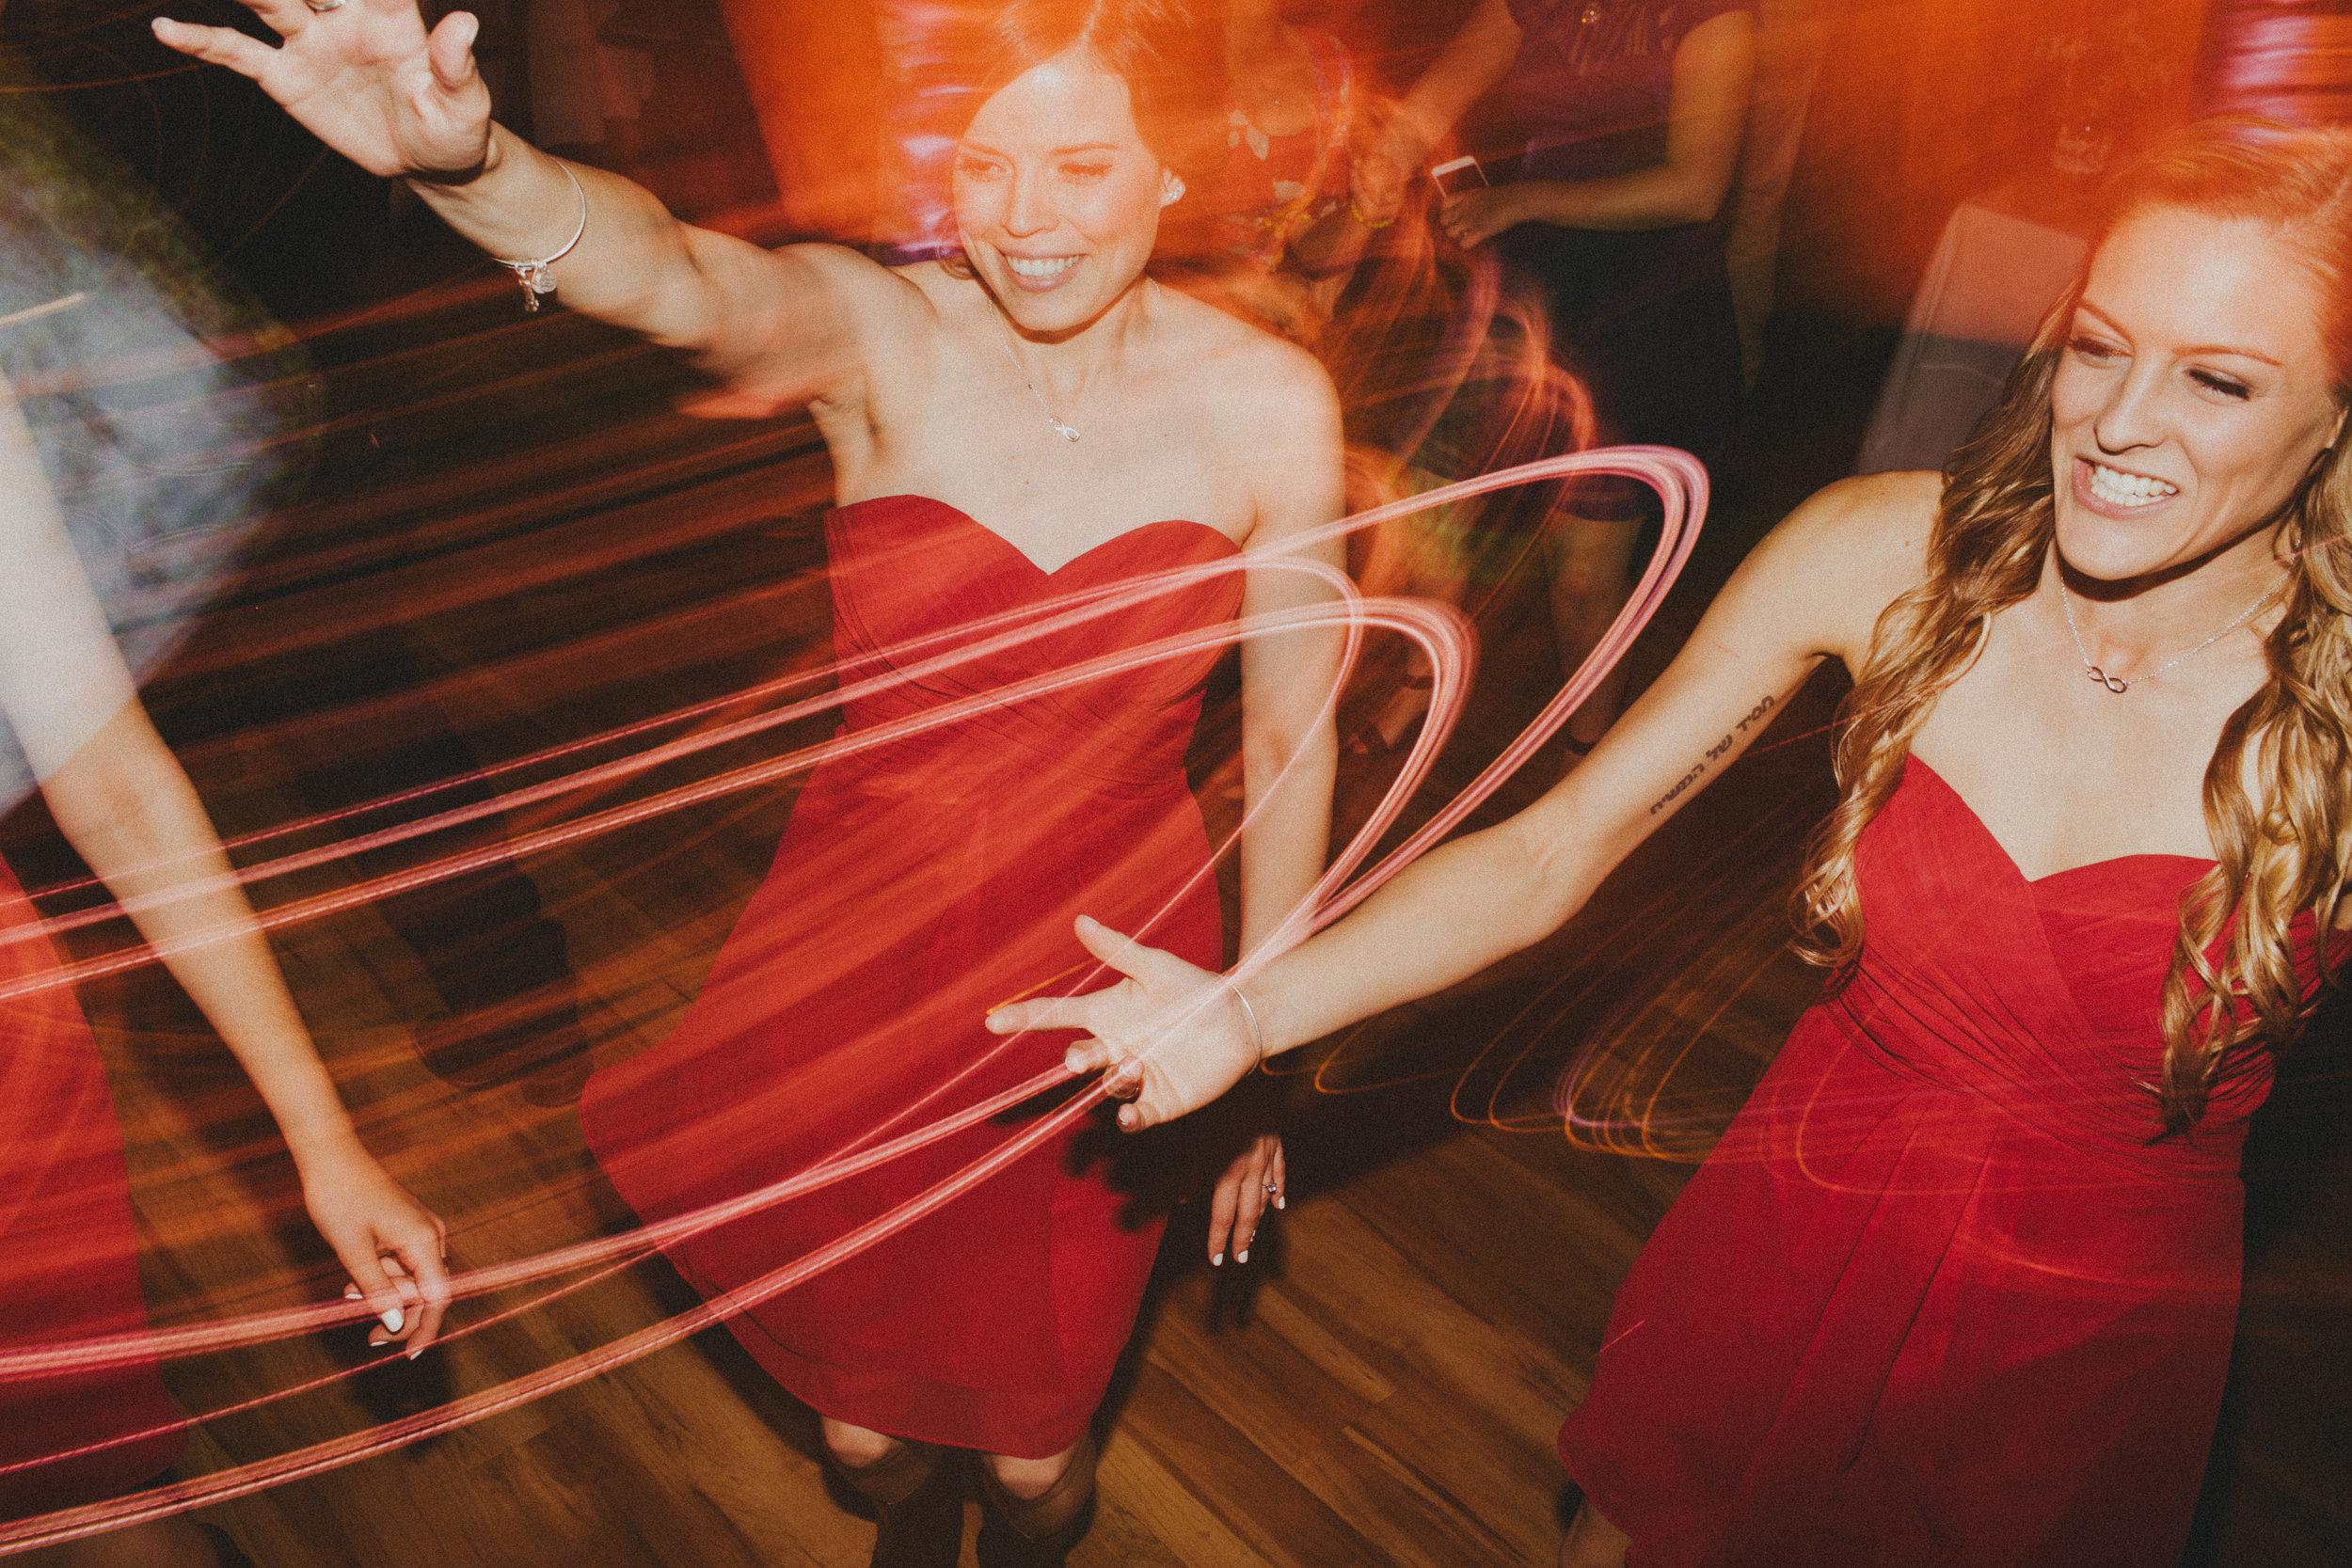 Cheyenne + Jordan - Wedding, Natalie Griffo (144 of 157).jpg
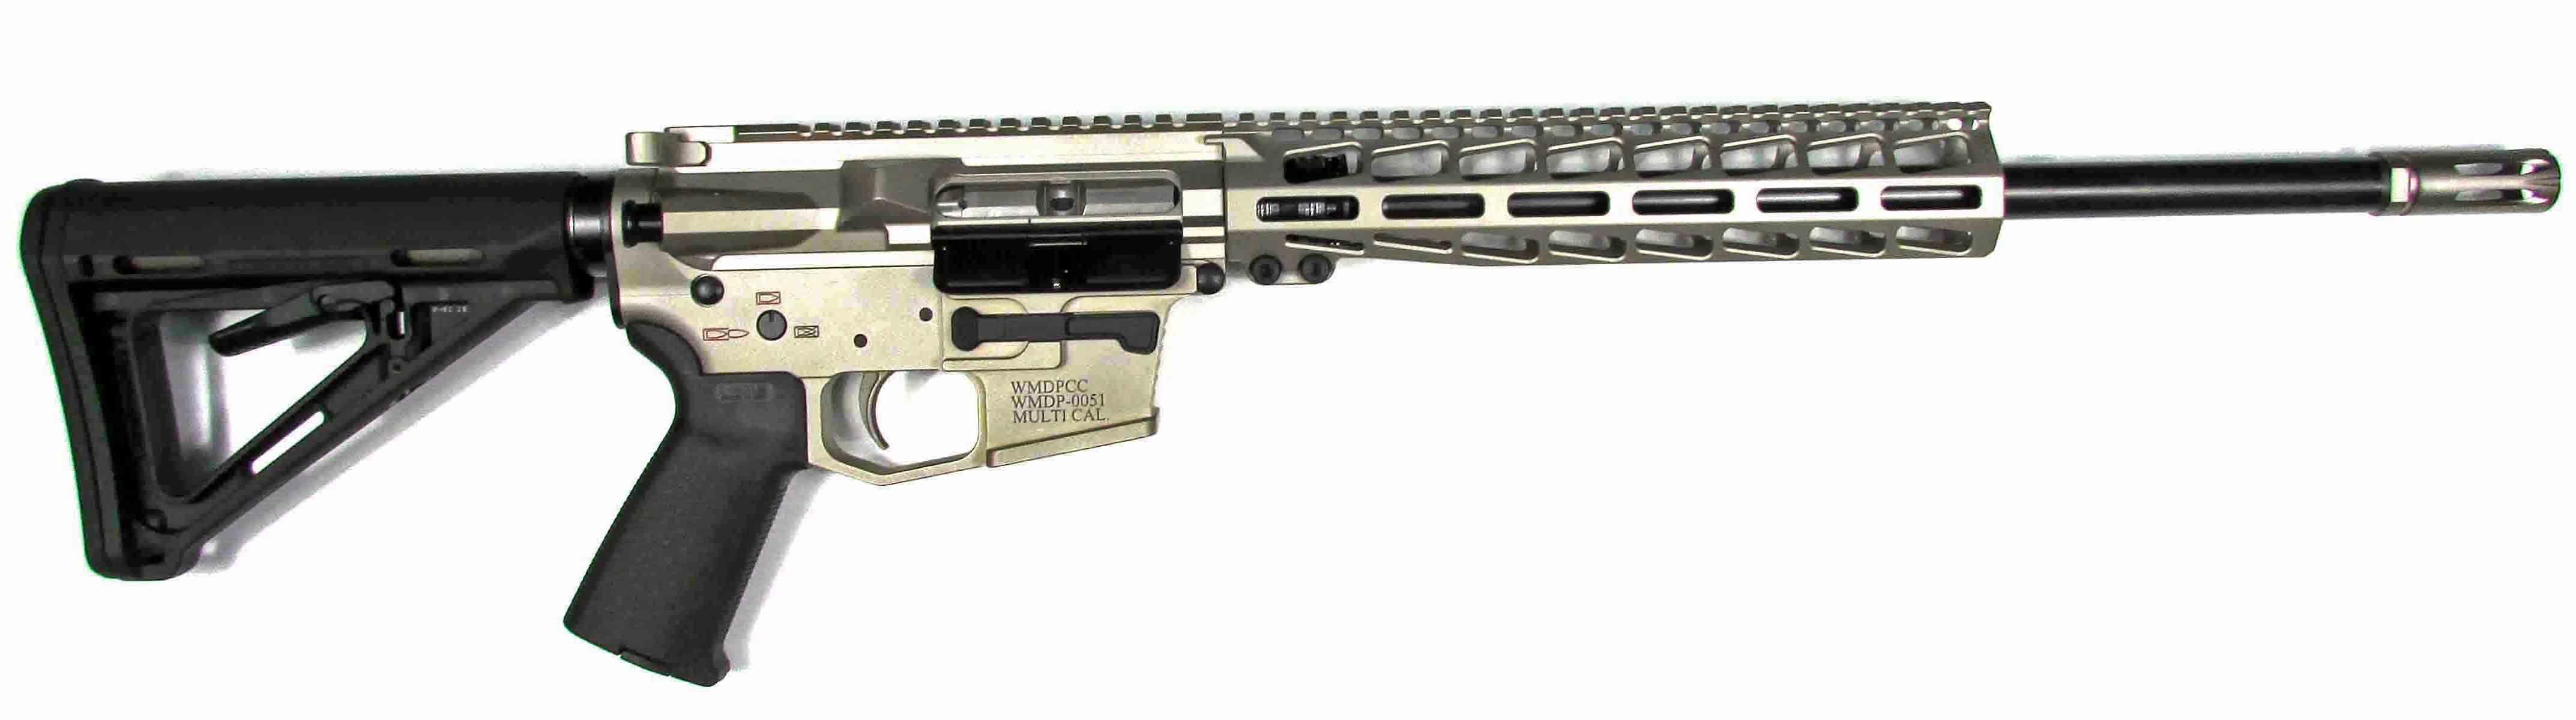 9mm Rifles
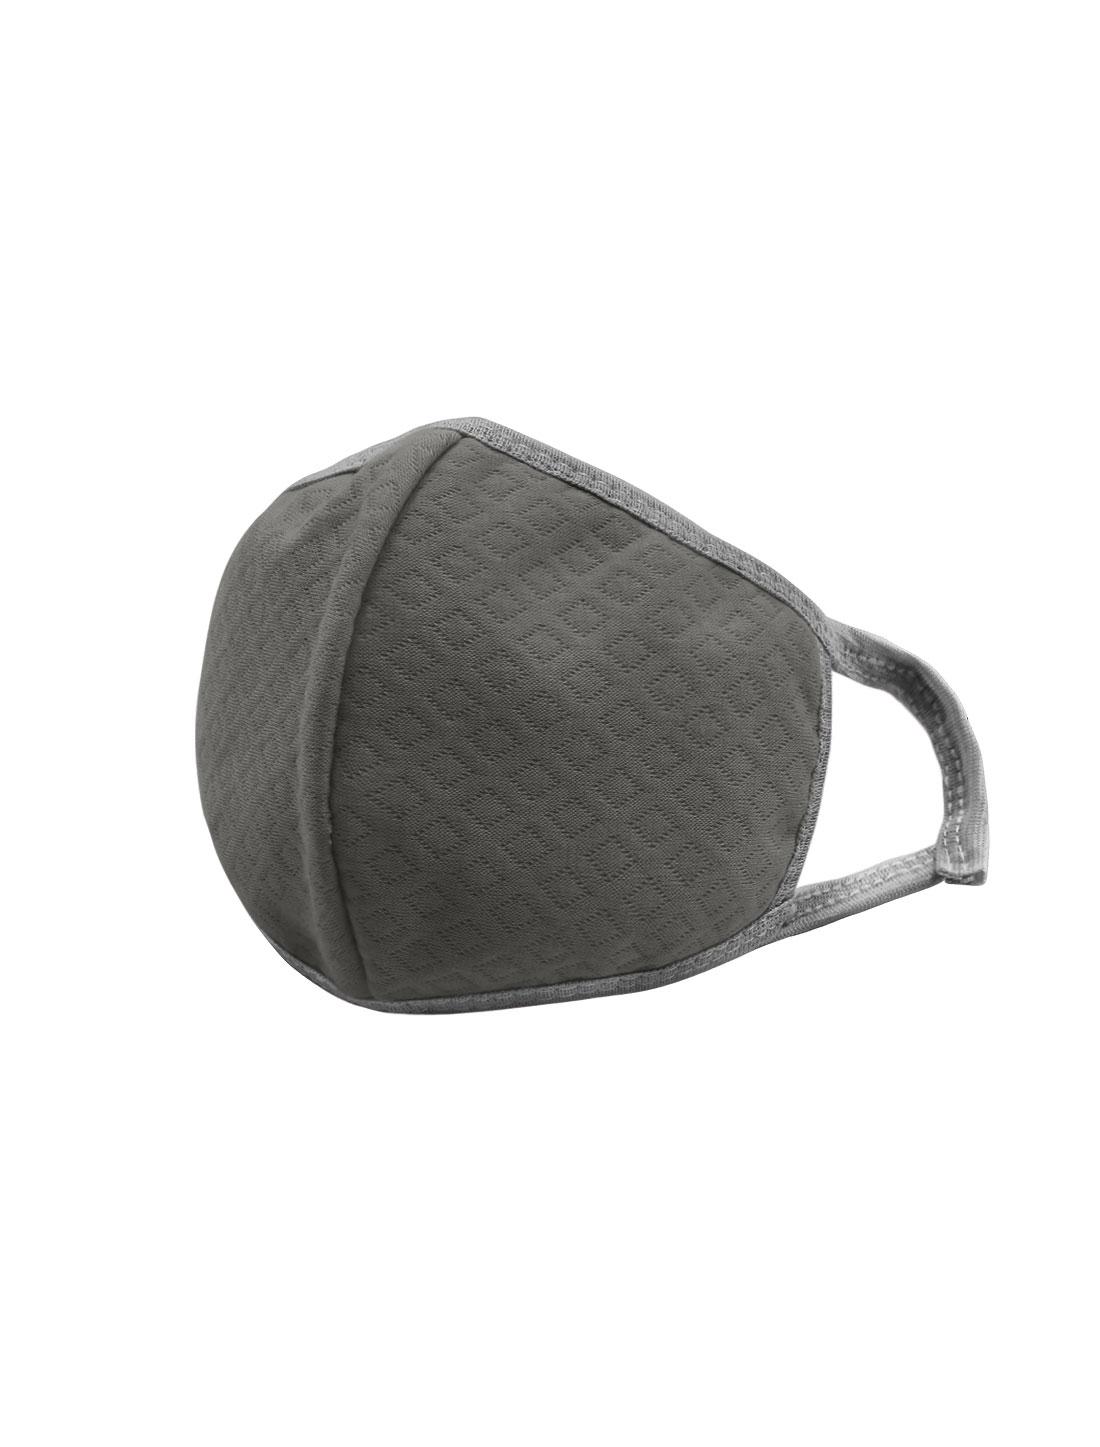 Unisex Elastic Earloops Argyle Design Anti-dust Mouth Mask Gray
..........
• What to work on
Exclude the pictures, and transcribe all of the material exactly.

• Your solution
 Cheyenne + Jordan - Wedding, Natalie Griffo (144 of 157).jpg
 9mm Rifles
 Unisex Elastic Earloops Argyle Design Anti-dust Mouth Mask Gray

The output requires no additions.